Susan Lindauer, 41, worked in the press offices of four Democratic members of Congress. She also worked for Fortune magazine, U.S. News & World Report, the Seattle Post-Intelligencer and Fox News.
Her father, John Lindauer, was the Republican nominee for governor in Alaska in 1998. His campaign unraveled because of charges of campaign finance violations to which he pleaded no contest.
Susan Lindauer is a 1985 Smith College graduate who describes herself as an anti-war activist.
Tucking the salient points (who she is) between paragraphs about who she's related to?
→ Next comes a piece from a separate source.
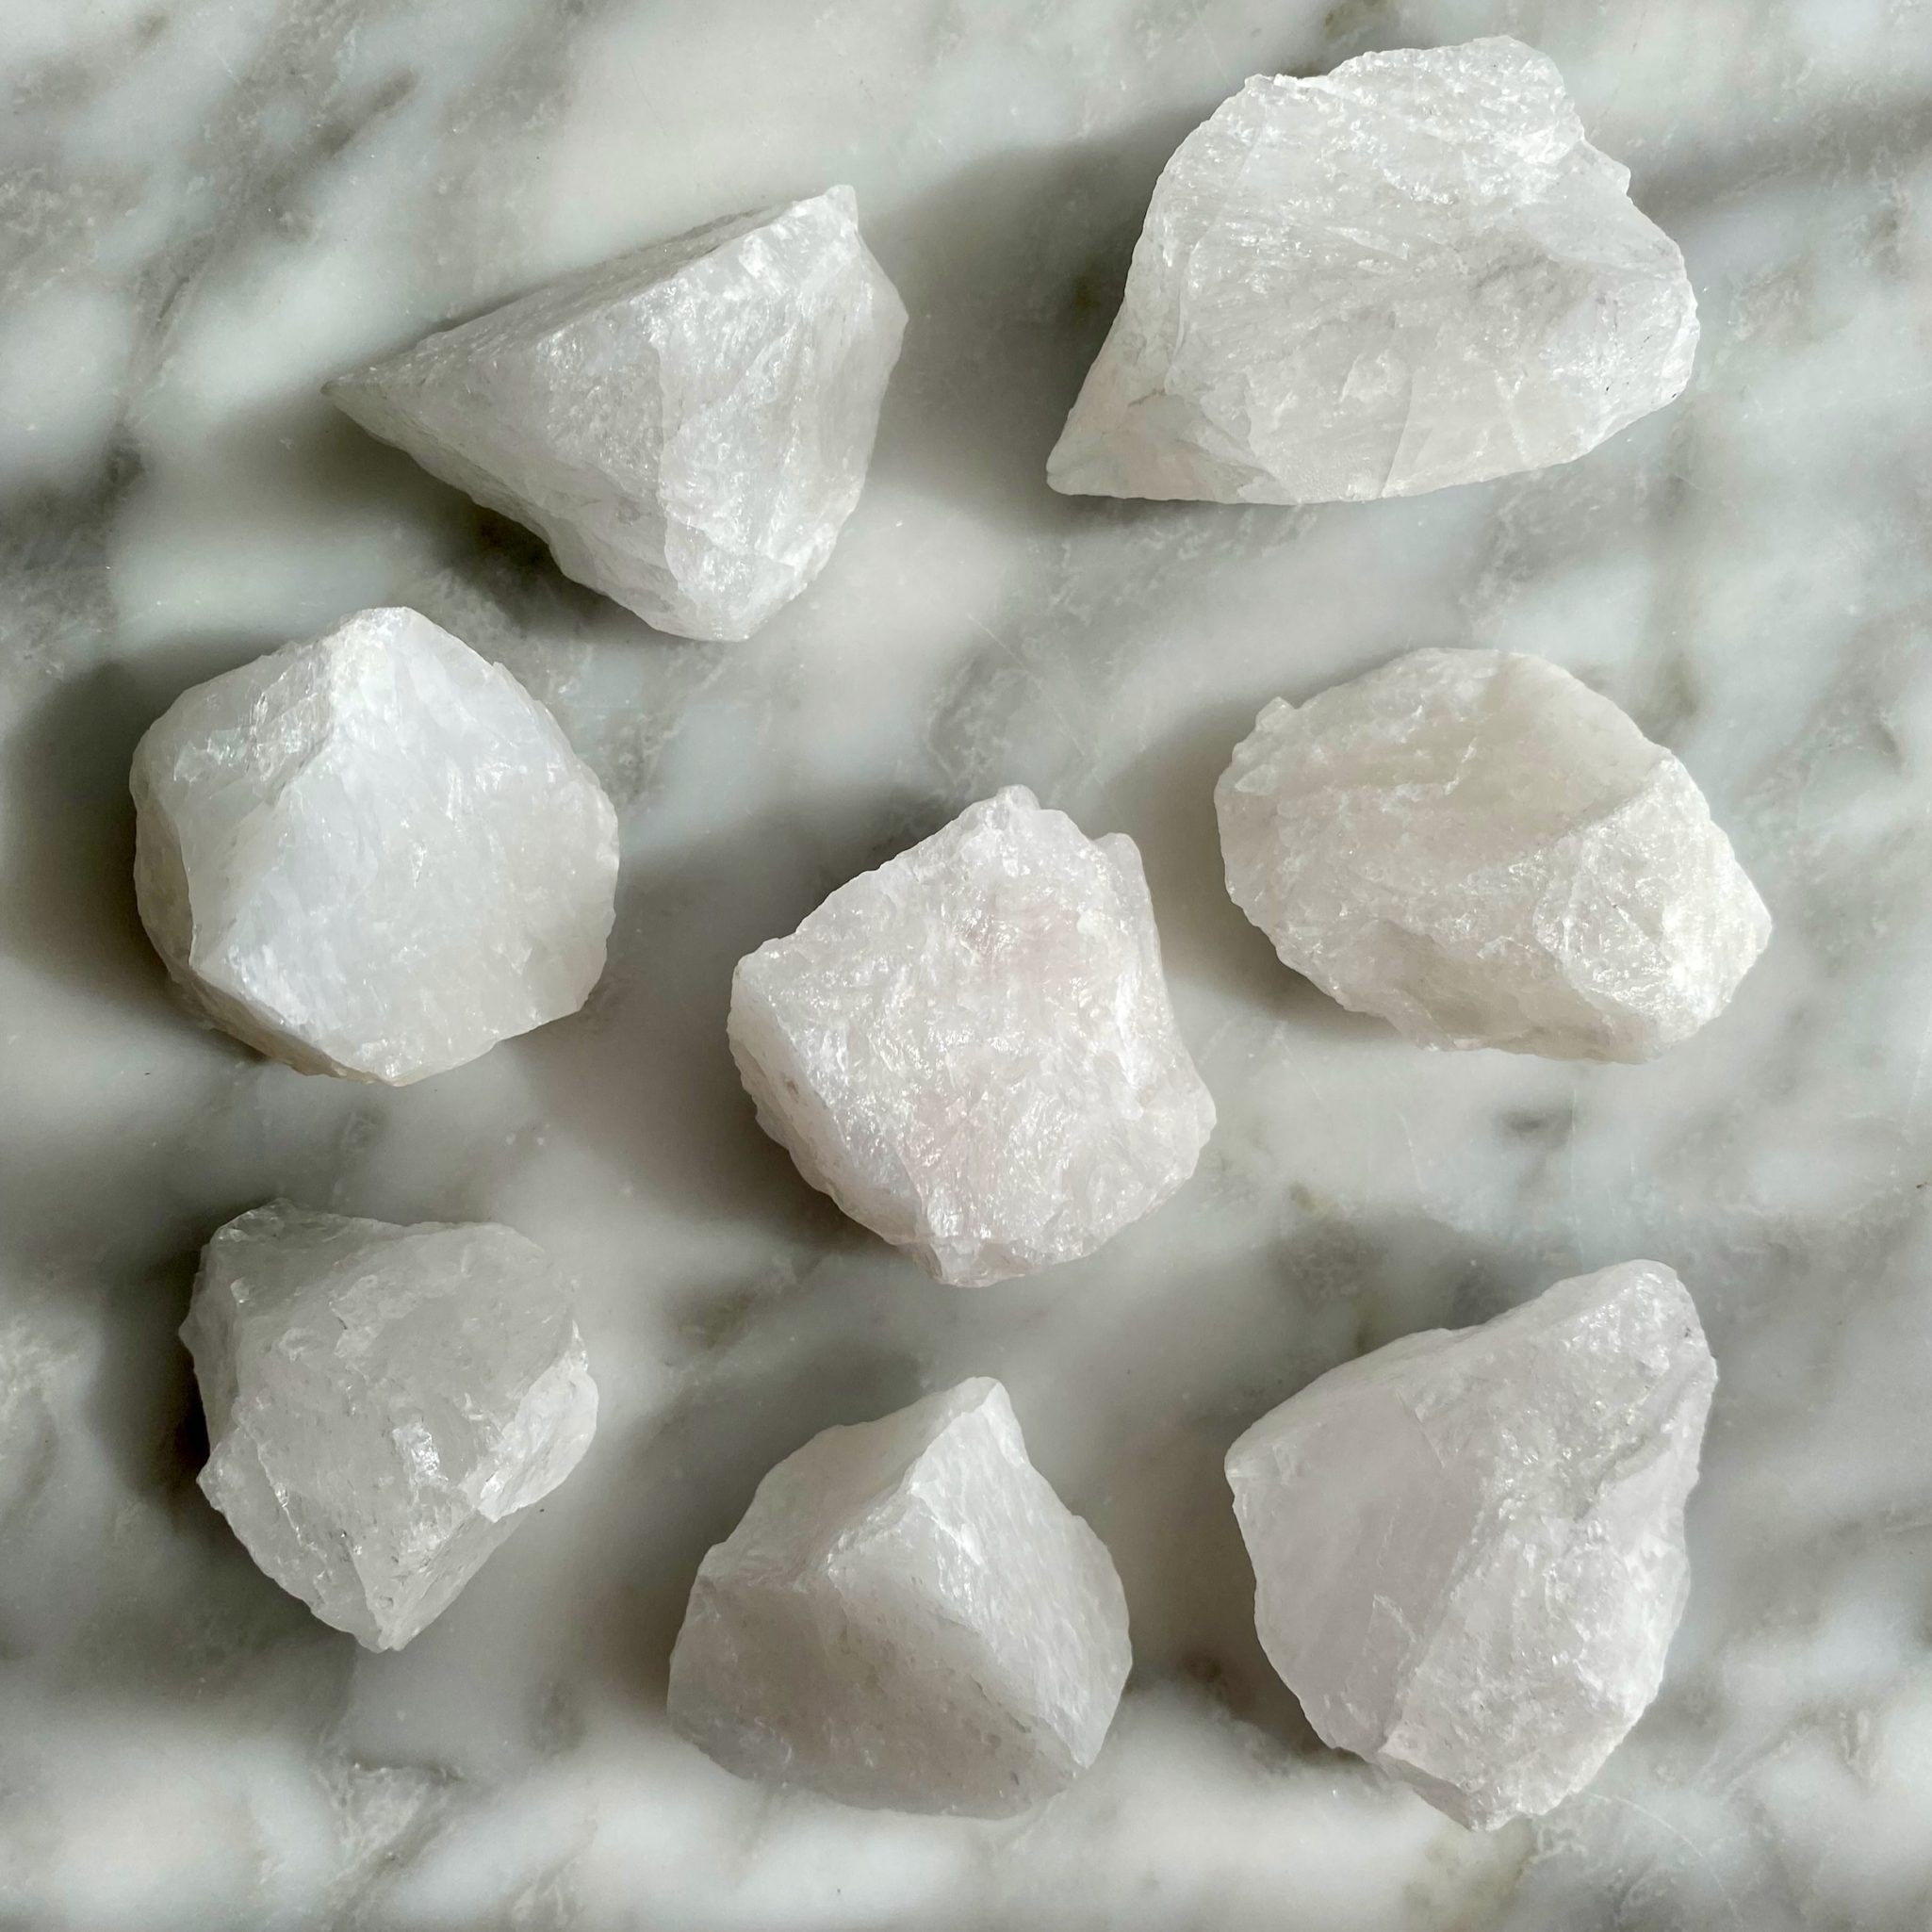 Rough white quartz crystal specimen - Morceau de cristal de quartz blanc brut

Update 3 (From the very bottom of a lengthy MSNBC report, bold emphasis added): On Jan. 8, 2003, prosecutors said, Lindauer tried to influence U.S. foreign policy by delivering to the home of a U.S. government official a letter in which she conveyed her access to and contacts with members of Saddam’s regime.
Card alerted authorities
The indictment said Lindauer met twice in Baltimore, in June and July, with an undercover FBI agent who posed as a Libyan intelligence representative who was seeking to support resistance groups in postwar Iraq. It said she discussed the need for plans and foreign resources to support those groups.